-------- Data --------
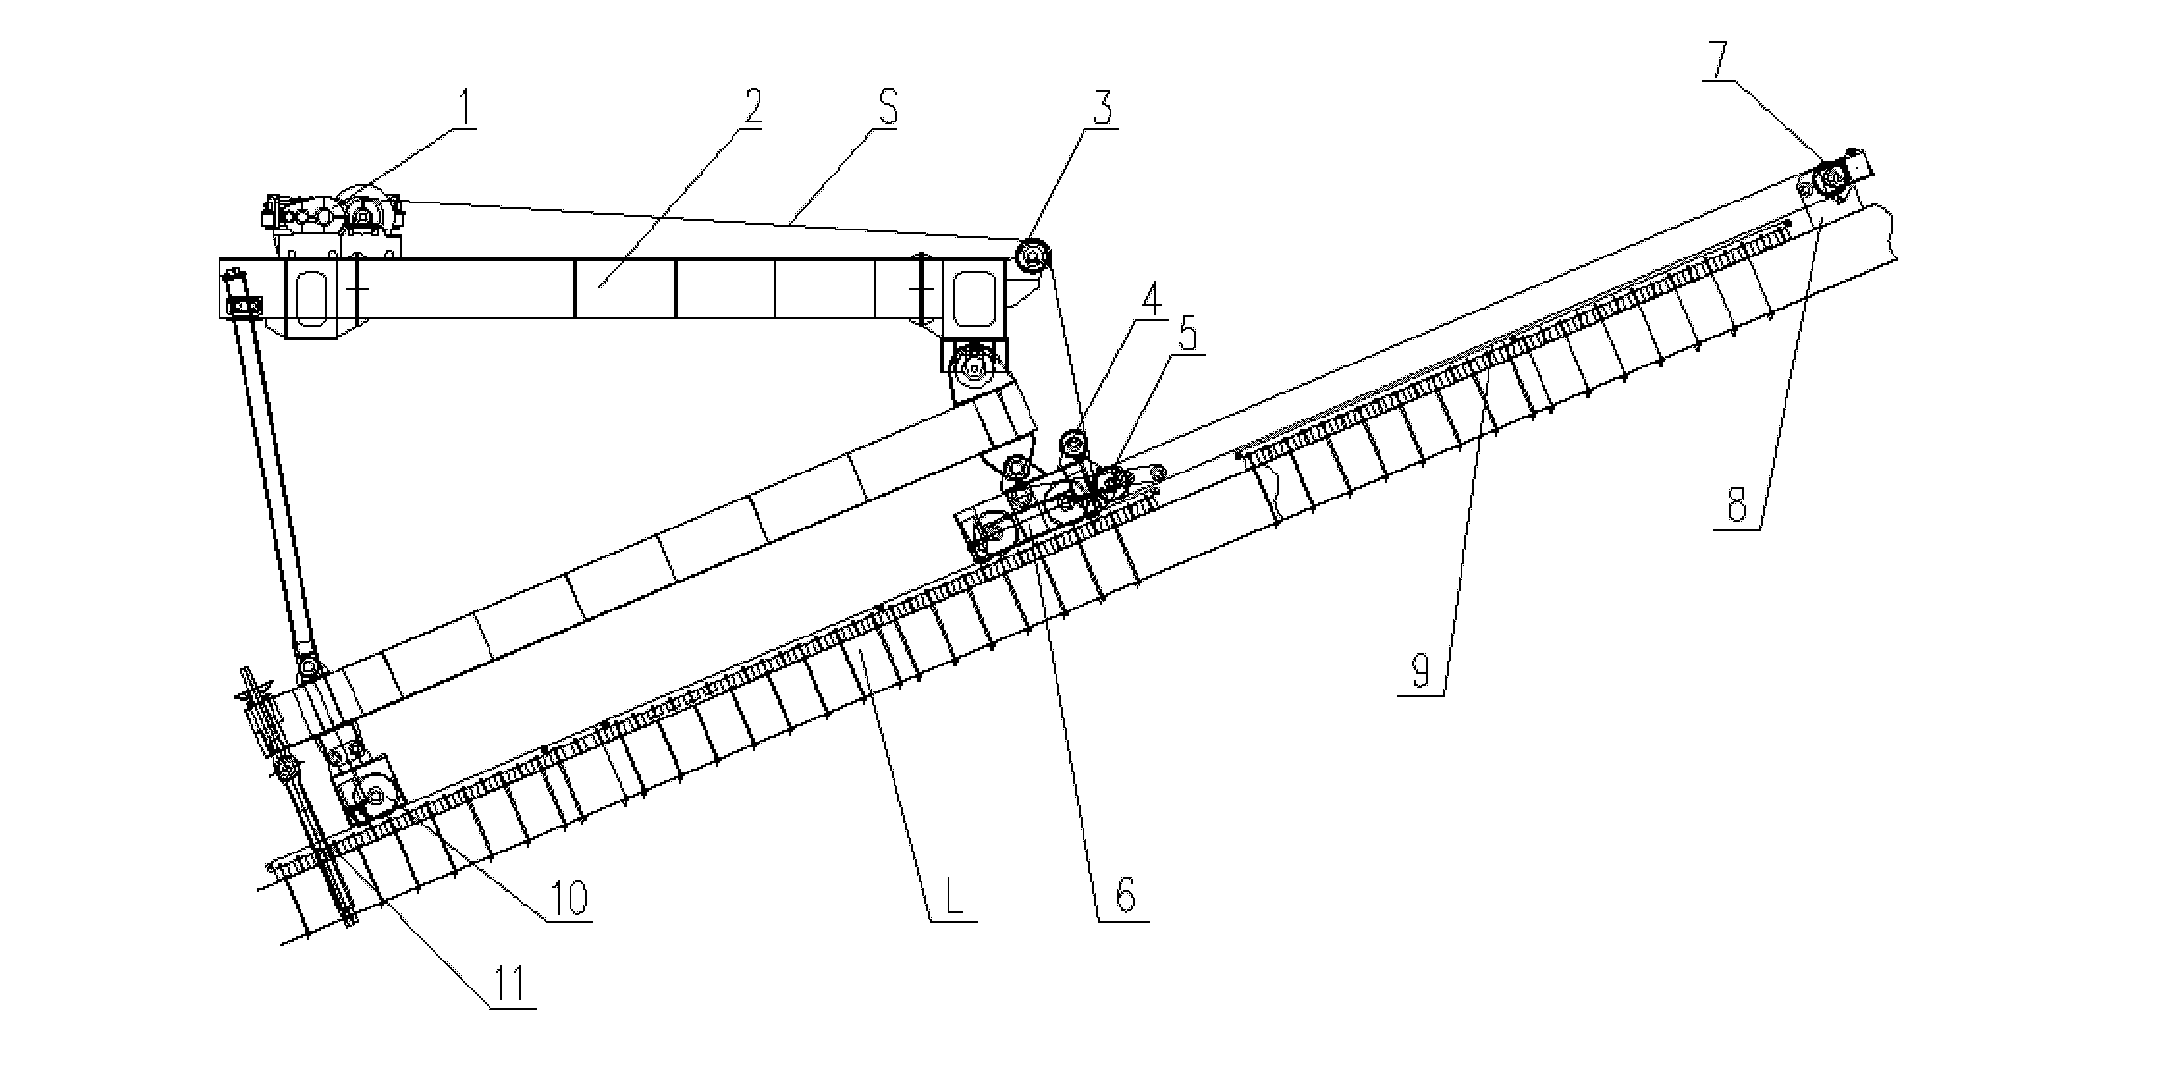 Traction running mechanism for climbing girder crane
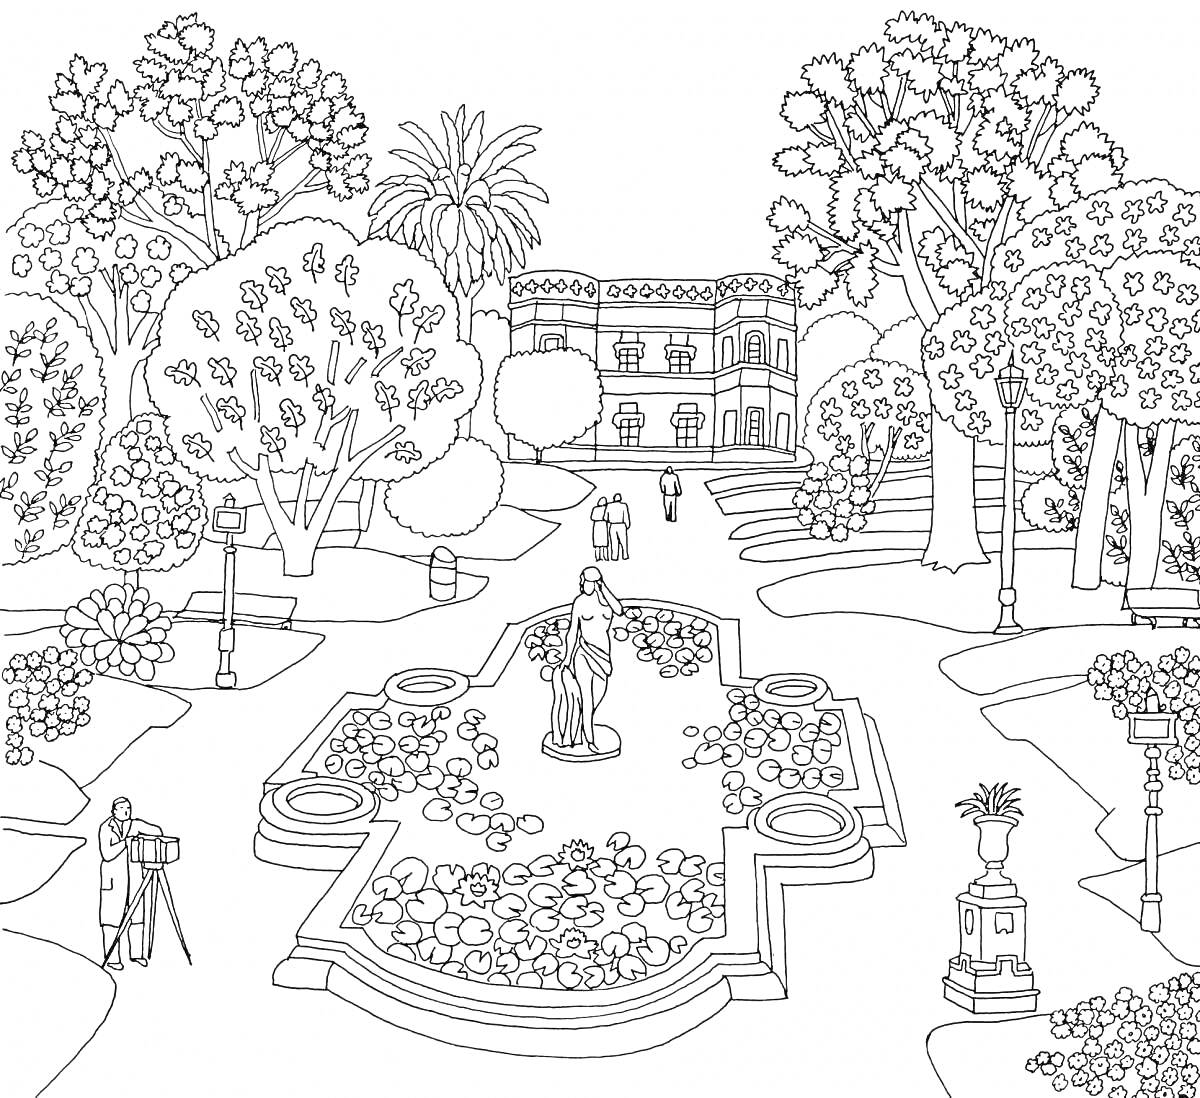 Раскраска Сад с фонтаном, деревьями, цветами и зданием на заднем плане
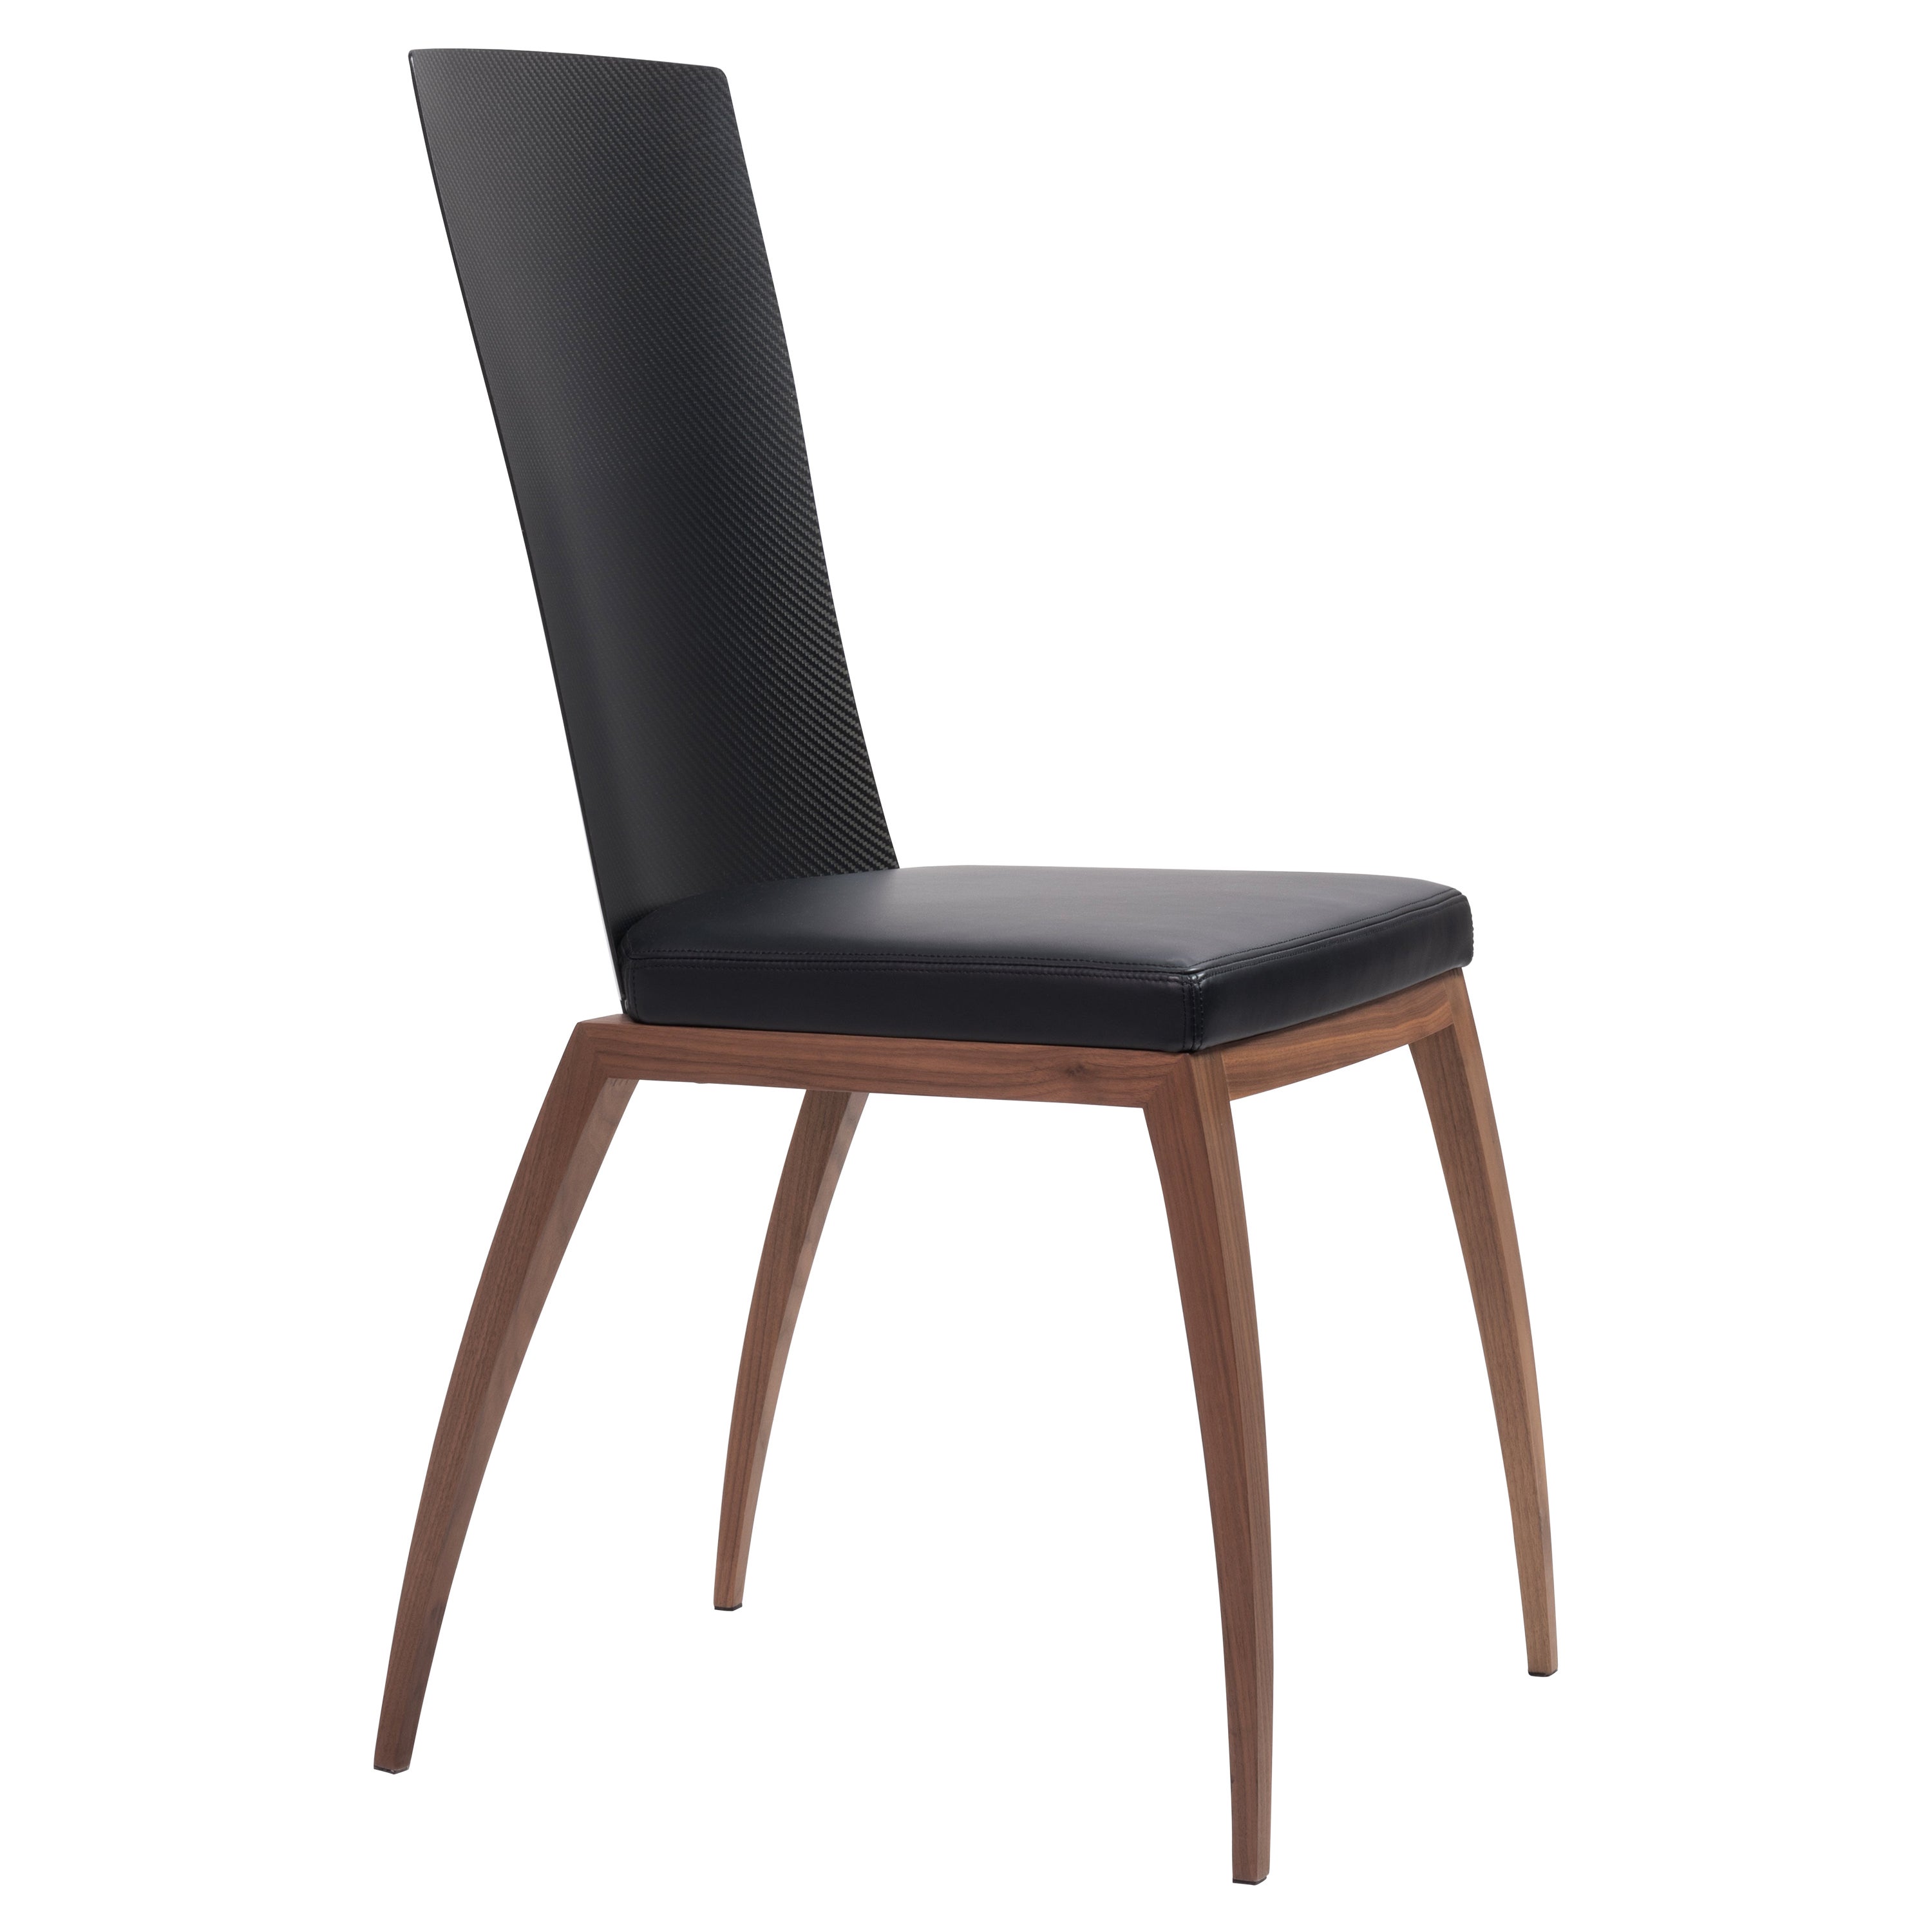 Fibra-Stuhl, Design-Stuhl aus Carbonfaser und Canaletto-Walnussholz, hergestellt in Italien
--------
To do → Reproduce the listing exactly. Leave its pictures out.

Exercise answer →
 Traction running mechanism for climbing girder crane
 Раскраска Сад с фонтаном, деревьями, цветами и зданием на заднем плане
 Fibra-Stuhl, Design-Stuhl aus Carbonfaser und Canaletto-Walnussholz, hergestellt in Italien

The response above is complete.